Monday, January 6, 2014

Supreme Court Will Have to Determine if Religious Freedom Means the Freedom to Impose Your Religion on Others

Apparently That is What Conservatives Believe is Freedom of Religion

The provision of the ACA that went into effect on January 1st provide that health insurance must provide for family planning, including birth control.  Some deeply and sincerely people believe that birth control is a sin, that it is immoral, that it is against God’s law.  They have the absolute right to believe this and no one should ever deny them that right.

But some who believe this want to impose that belief on the rest of the population, and are fighting the mandate that health insurance should provide family planning services for those who do not believe in the same religion as themselves.  And Justice Sotomayer has issued a temporary injunction against the government and the ACA.  The government is arguing this way.

The government asked Justice Sonia Sotomayor to lift the temporary injunction she issued New Year’s Eve for the Little Sisters of the Poor, a Colorado nonprofit organization that provides services to the elderly. The Affordable Care Act, new provisions of which went into effect Jan. 1, requires employers who provide insurance coverage to include no-cost FDA-approved contraceptive services as preventive care.

And the government’s logic is clear cut and almost irrefutable.

But nonprofit organizations such as the nuns’ may opt out of the requirement simply by certifying that they have religious objections, Solicitor General Donald B. Verrilli Jr. wrote in a response to Sotomayor filed Friday morning.

“With the stroke of their own pen, applicants can secure for themselves the relief they seek from this court — an exemption from the requirements of the contraceptive-coverage provision,” Verrilli wrote.

So what’s the problem.  Well it is this.  Organizations which believe contraception is wrong want to not only be free to refrain must using it themselves, they want to do as much as possible to deny family planning to those who do not believe the way they do.

Religiously oriented nonprofit organizations around the country have objected to the requirement and said it violates protections granted by the Religious Freedom Restoration Act.

They contend that if they sign the self-certification letters, that makes them complicit in the government’s plan to provide contraceptive services, because the law provides that third-party insurers still provide the coverage.

Mark L. Rienzi, a Catholic University law professor representing the nuns, said the government is “simply blind to the religious exercise at issue: the Little Sisters and other applicants cannot execute the form because they cannot deputize a third party to sin on their behalf.”

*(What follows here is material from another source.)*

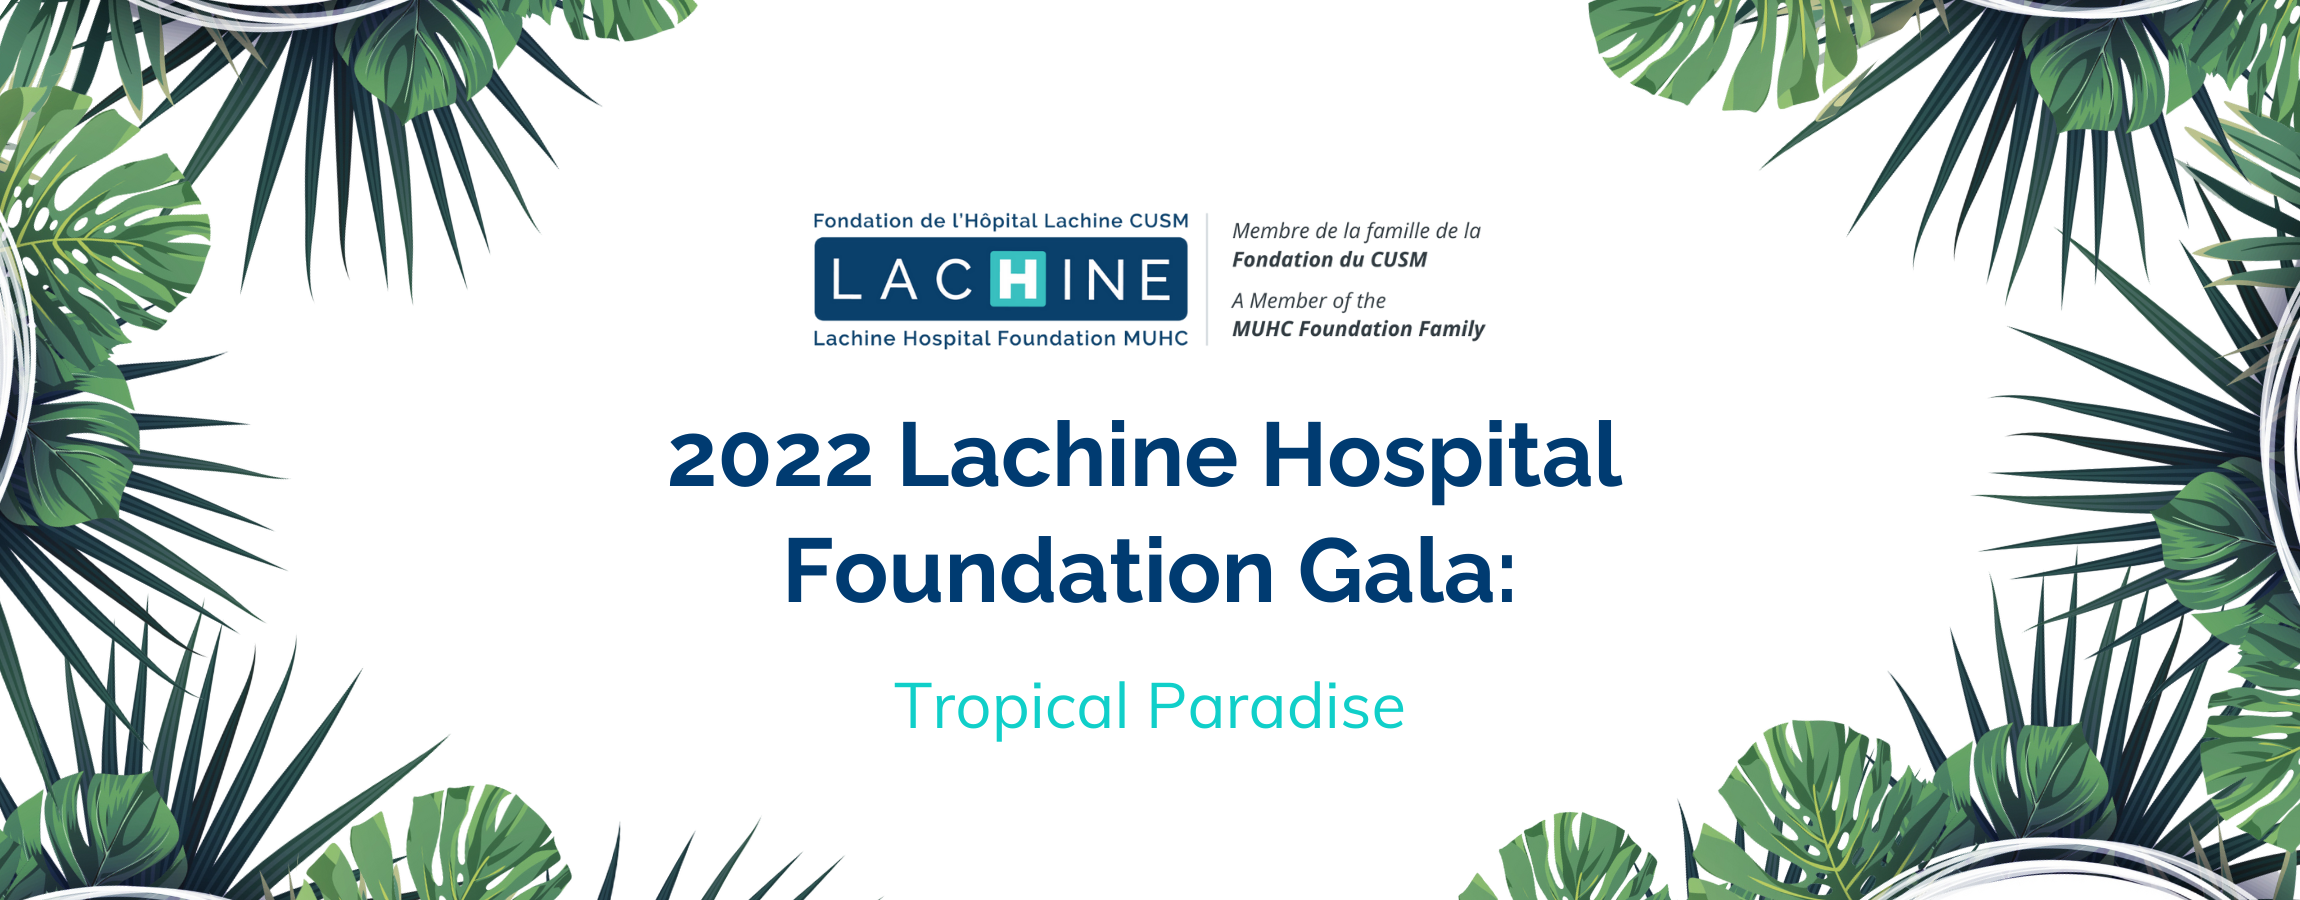 Lachine foundation gala graphic
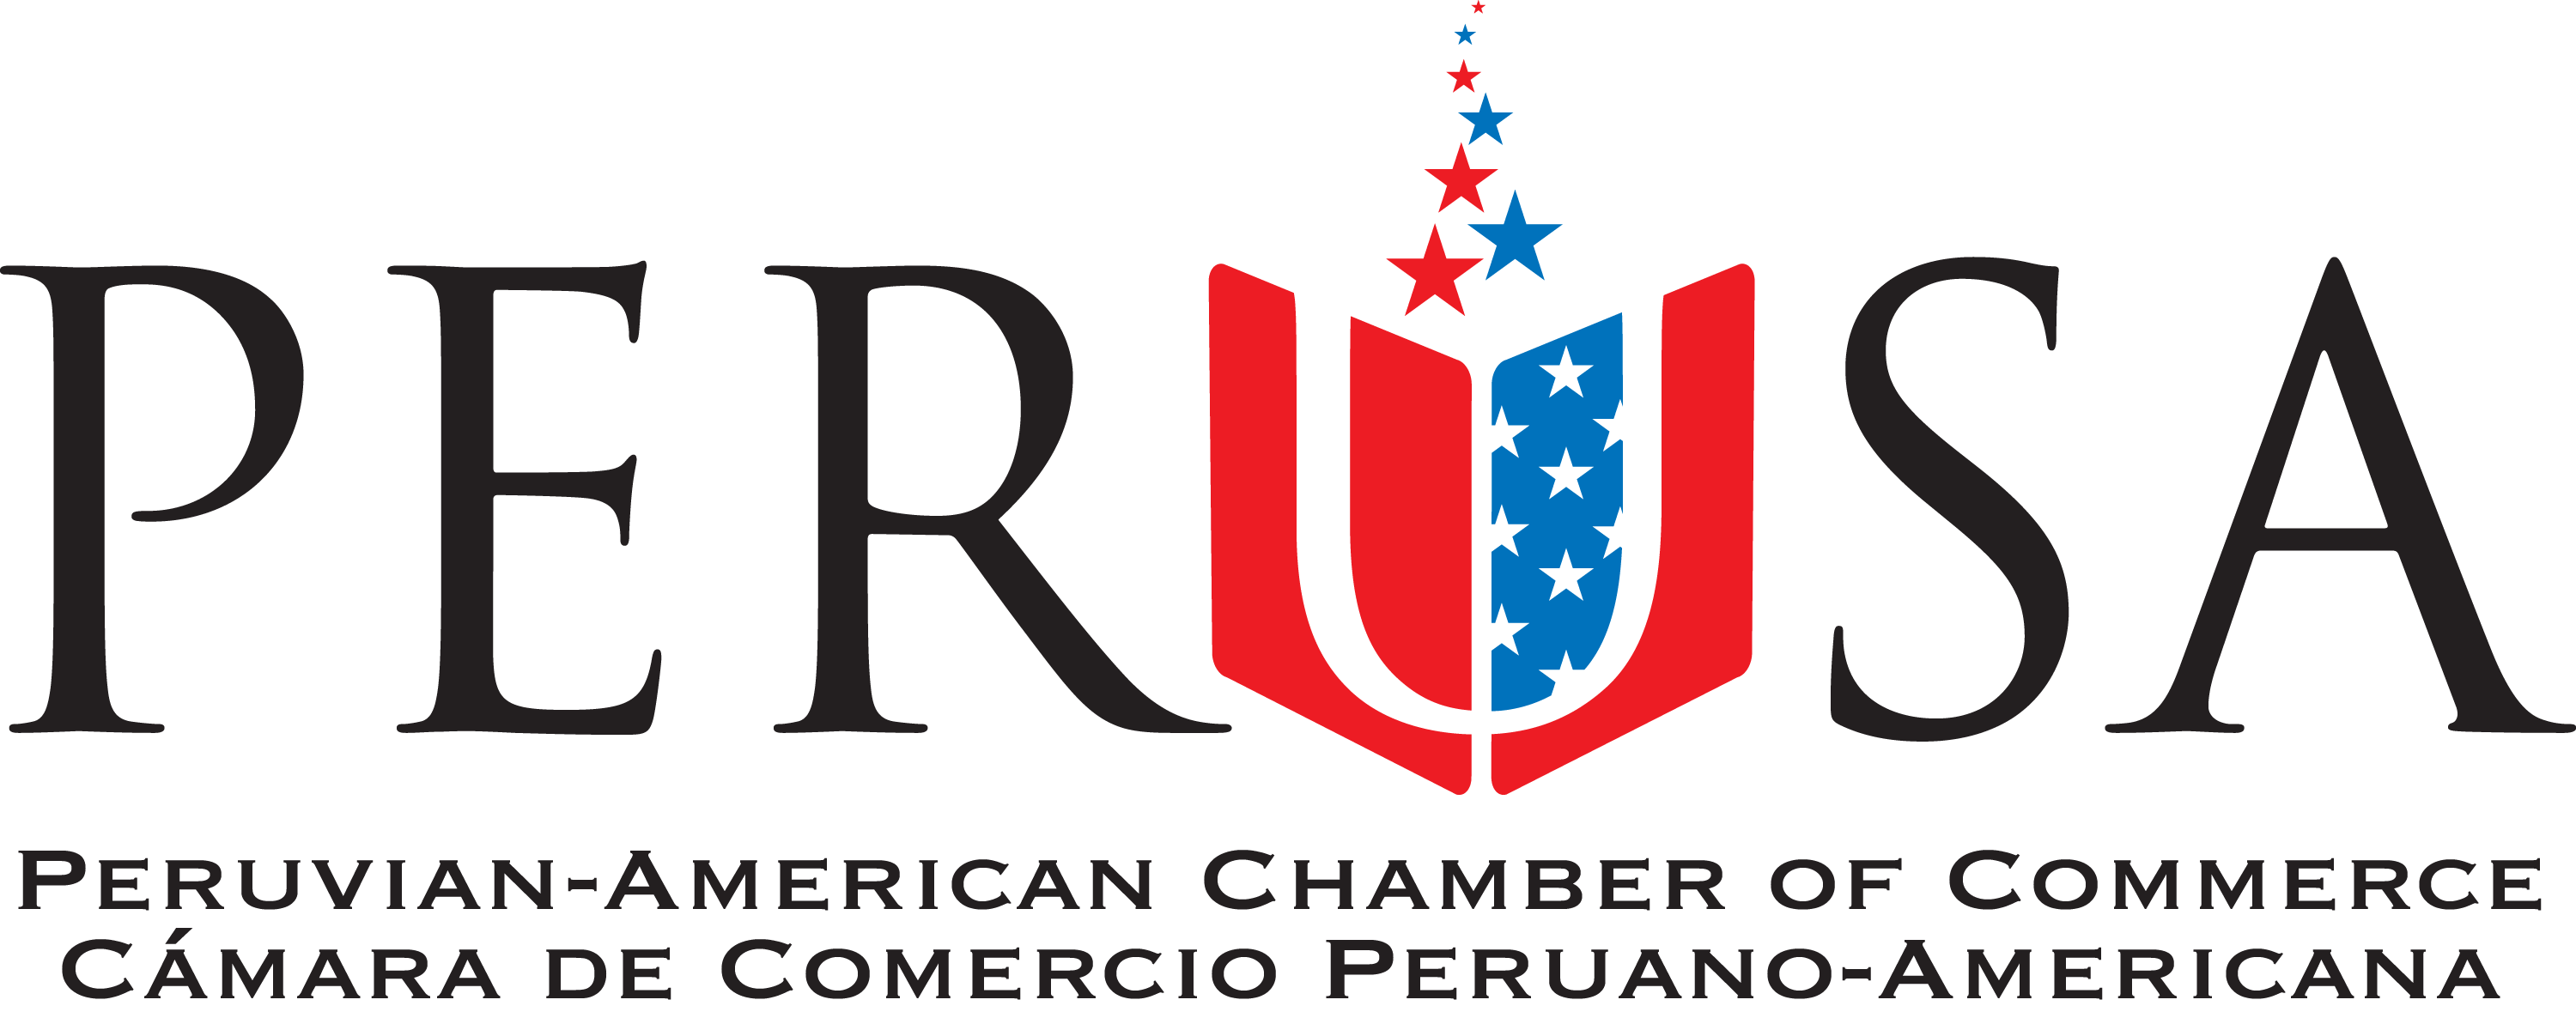 Chamber Logo - Peruvian American Chamber of Commerce

This of course is theocracy at its worse.  It is against one of the basic principles upon which the nation was founded.  And if allowed to stand, if one religious group can impose, even in a small way, its beliefs on those who do not support that religion or adhere to those beliefs, potentially the beginning of the end of religious freedom in the United will have started.  Yes, that is what is at stake.

If an individual believes that contraception is a sin, they are free to not engage in any contraception practices.  They are not free to impose that practice on others, at least not in a nation that calls itself a bastion and beacon of freedom. 

No everybody, if you take a birth control pill, if you have a vasectomy you will not burn in the hottest regions of hell.  You are merely exercising your basic rights, the same rights that those who decide not to use contraception are exercising.  The nation can and should accommodate the religious beliefs of everyone, but it cannot accommodate those beliefs by denying the beliefs of others.